• WHAT TO DO: Check every line of the data below for the word "Collection". Copy the ones that have it.

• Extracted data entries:
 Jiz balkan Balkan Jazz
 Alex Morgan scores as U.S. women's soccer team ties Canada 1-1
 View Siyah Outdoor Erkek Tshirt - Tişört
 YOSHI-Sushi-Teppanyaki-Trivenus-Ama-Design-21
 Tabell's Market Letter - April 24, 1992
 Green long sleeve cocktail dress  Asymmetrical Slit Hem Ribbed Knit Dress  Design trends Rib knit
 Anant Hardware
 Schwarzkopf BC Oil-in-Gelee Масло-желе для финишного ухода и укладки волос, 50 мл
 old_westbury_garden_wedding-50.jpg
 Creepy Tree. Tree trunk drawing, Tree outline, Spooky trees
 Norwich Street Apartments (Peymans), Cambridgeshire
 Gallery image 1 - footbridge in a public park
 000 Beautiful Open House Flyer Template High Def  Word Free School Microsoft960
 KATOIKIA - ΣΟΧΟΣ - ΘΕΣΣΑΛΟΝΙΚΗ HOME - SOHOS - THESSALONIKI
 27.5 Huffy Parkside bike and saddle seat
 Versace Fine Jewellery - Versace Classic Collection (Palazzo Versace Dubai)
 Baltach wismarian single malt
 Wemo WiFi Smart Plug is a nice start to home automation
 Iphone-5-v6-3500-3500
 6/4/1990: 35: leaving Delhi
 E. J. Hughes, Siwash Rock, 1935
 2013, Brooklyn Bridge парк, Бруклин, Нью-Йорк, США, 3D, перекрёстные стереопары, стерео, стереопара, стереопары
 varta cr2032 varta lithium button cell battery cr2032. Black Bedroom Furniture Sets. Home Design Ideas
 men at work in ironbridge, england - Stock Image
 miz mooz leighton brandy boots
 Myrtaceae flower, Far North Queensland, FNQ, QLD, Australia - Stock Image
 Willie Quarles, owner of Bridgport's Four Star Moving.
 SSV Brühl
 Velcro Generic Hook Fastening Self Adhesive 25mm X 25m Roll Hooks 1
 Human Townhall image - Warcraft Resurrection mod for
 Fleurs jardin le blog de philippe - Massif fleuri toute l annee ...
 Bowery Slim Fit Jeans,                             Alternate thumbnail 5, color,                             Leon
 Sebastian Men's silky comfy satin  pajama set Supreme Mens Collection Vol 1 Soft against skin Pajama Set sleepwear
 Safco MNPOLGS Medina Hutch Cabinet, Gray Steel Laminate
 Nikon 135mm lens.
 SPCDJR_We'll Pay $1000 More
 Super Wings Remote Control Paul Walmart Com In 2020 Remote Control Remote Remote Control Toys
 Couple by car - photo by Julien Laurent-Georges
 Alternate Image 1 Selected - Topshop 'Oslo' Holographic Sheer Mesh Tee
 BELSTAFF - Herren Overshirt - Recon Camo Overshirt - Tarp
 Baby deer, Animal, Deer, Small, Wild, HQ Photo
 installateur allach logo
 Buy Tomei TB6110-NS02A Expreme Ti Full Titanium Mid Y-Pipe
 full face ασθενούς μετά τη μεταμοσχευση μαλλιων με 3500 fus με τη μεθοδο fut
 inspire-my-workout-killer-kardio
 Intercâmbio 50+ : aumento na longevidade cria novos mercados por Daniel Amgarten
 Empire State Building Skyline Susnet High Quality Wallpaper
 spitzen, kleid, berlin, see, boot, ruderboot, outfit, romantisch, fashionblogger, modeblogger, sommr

• RESPONSE:
 Versace Fine Jewellery - Versace Classic Collection (Palazzo Versace Dubai)
 Sebastian Men's silky comfy satin  pajama set Supreme Mens Collection Vol 1 Soft against skin Pajama Set sleepwear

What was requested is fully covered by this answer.